[DATA BELOW]
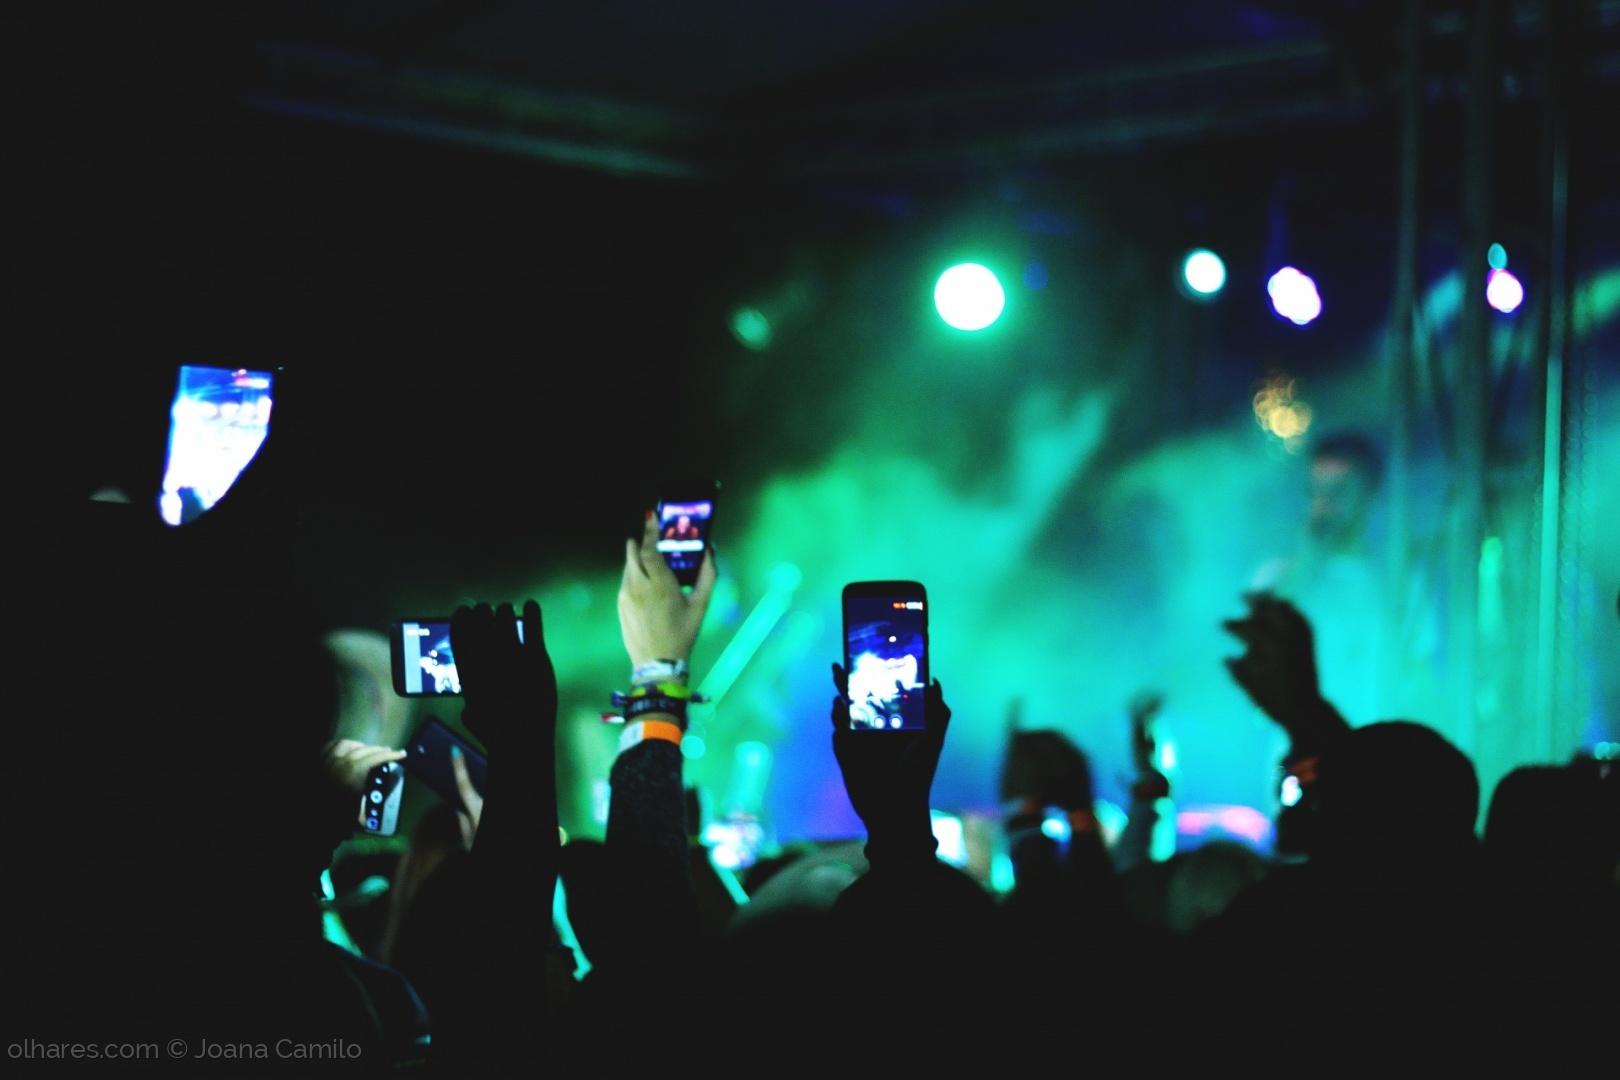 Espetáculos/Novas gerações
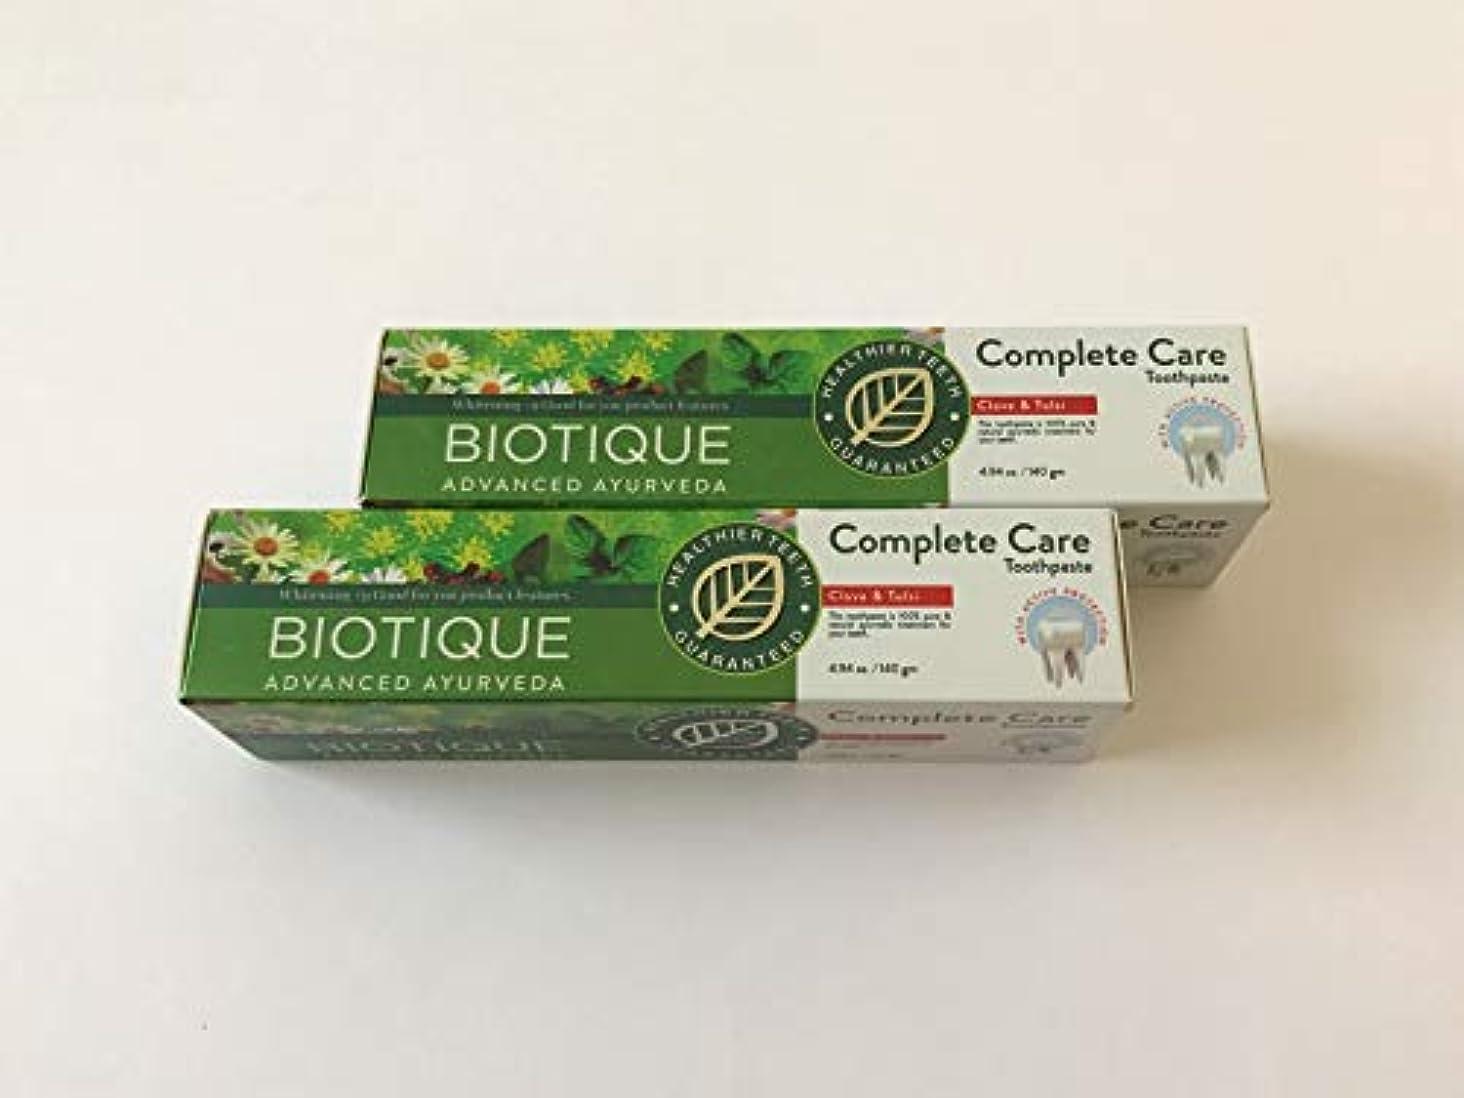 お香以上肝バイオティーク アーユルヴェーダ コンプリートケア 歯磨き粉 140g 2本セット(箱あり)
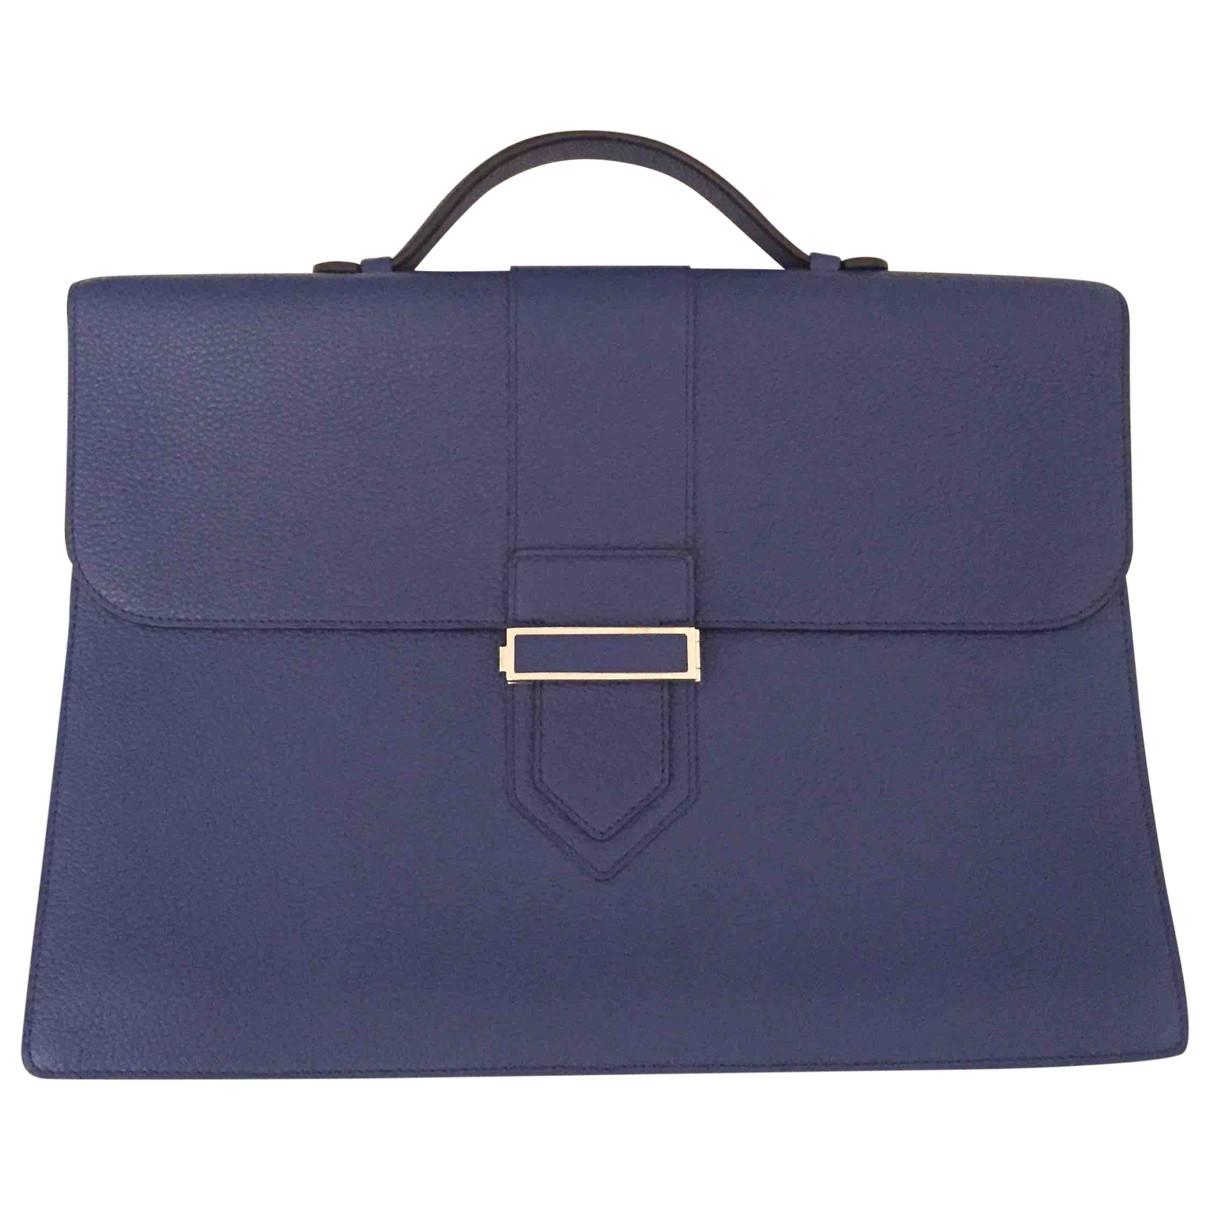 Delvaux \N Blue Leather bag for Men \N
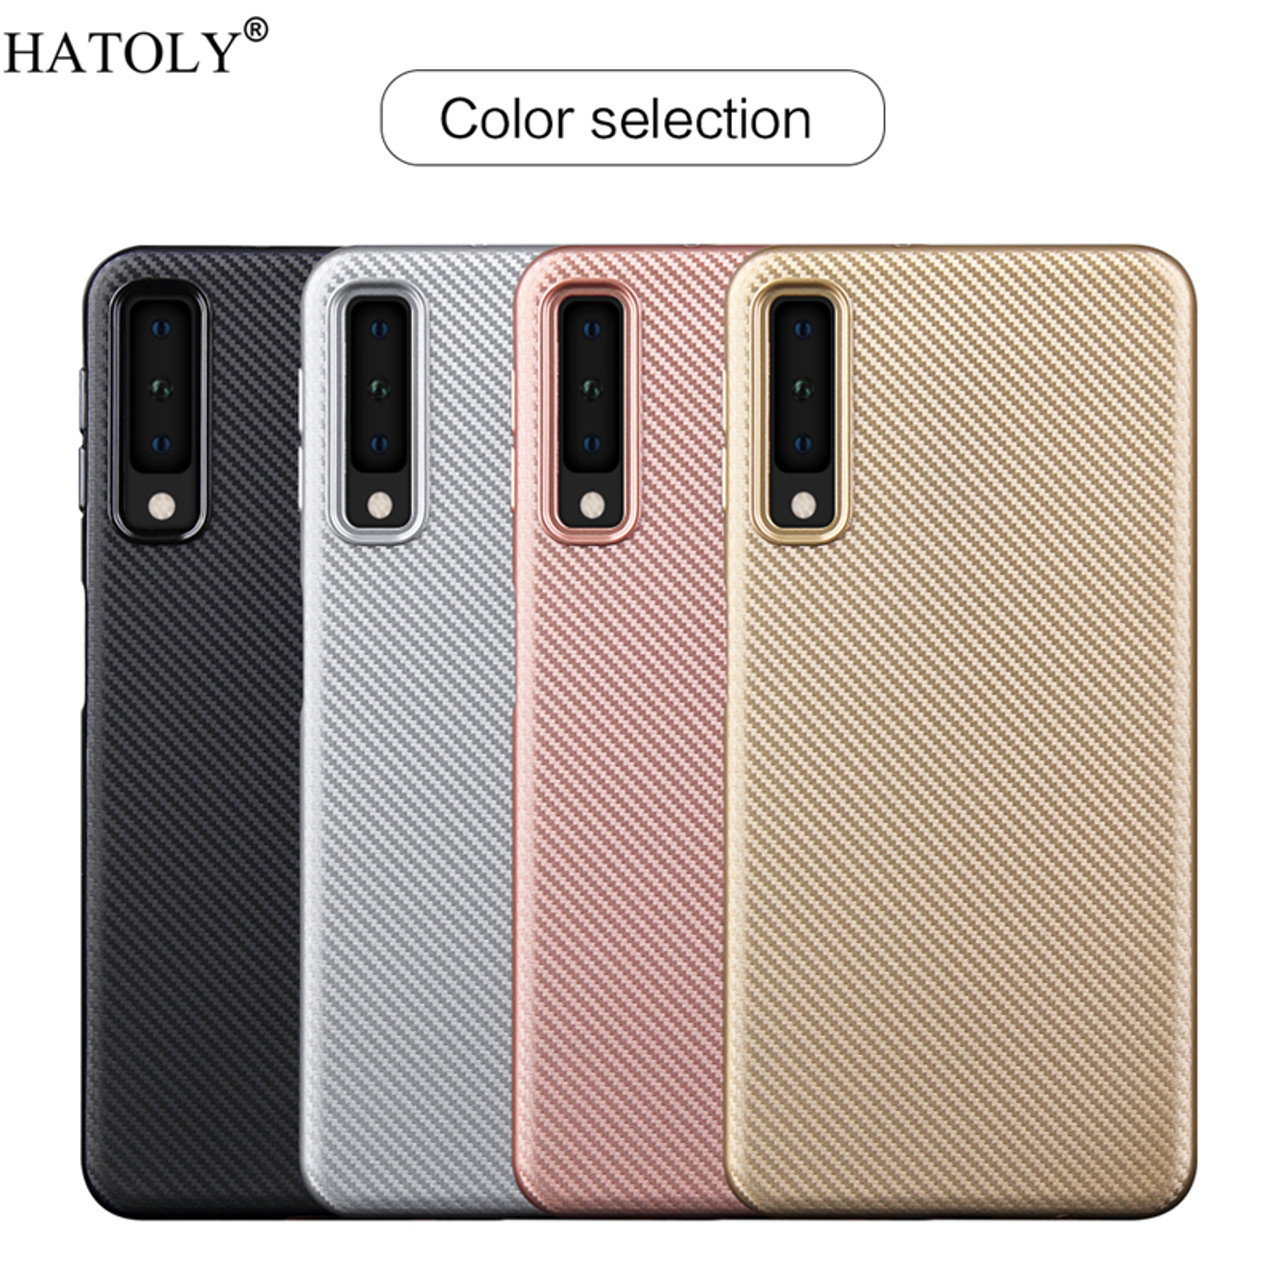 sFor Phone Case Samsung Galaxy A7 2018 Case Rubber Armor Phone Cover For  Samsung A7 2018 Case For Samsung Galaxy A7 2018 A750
[/DATA BELOW]
> [ASSIGNMENT] Quote the material exactly. Pictures stay out.

> [ANSWER SPACE]
 Espetáculos/Novas gerações
 お香以上肝バイオティーク アーユルヴェーダ コンプリートケア 歯磨き粉 140g 2本セット(箱あり)
 Delvaux \N Blue Leather bag for Men \N
 sFor Phone Case Samsung Galaxy A7 2018 Case Rubber Armor Phone Cover For  Samsung A7 2018 Case For Samsung Galaxy A7 2018 A750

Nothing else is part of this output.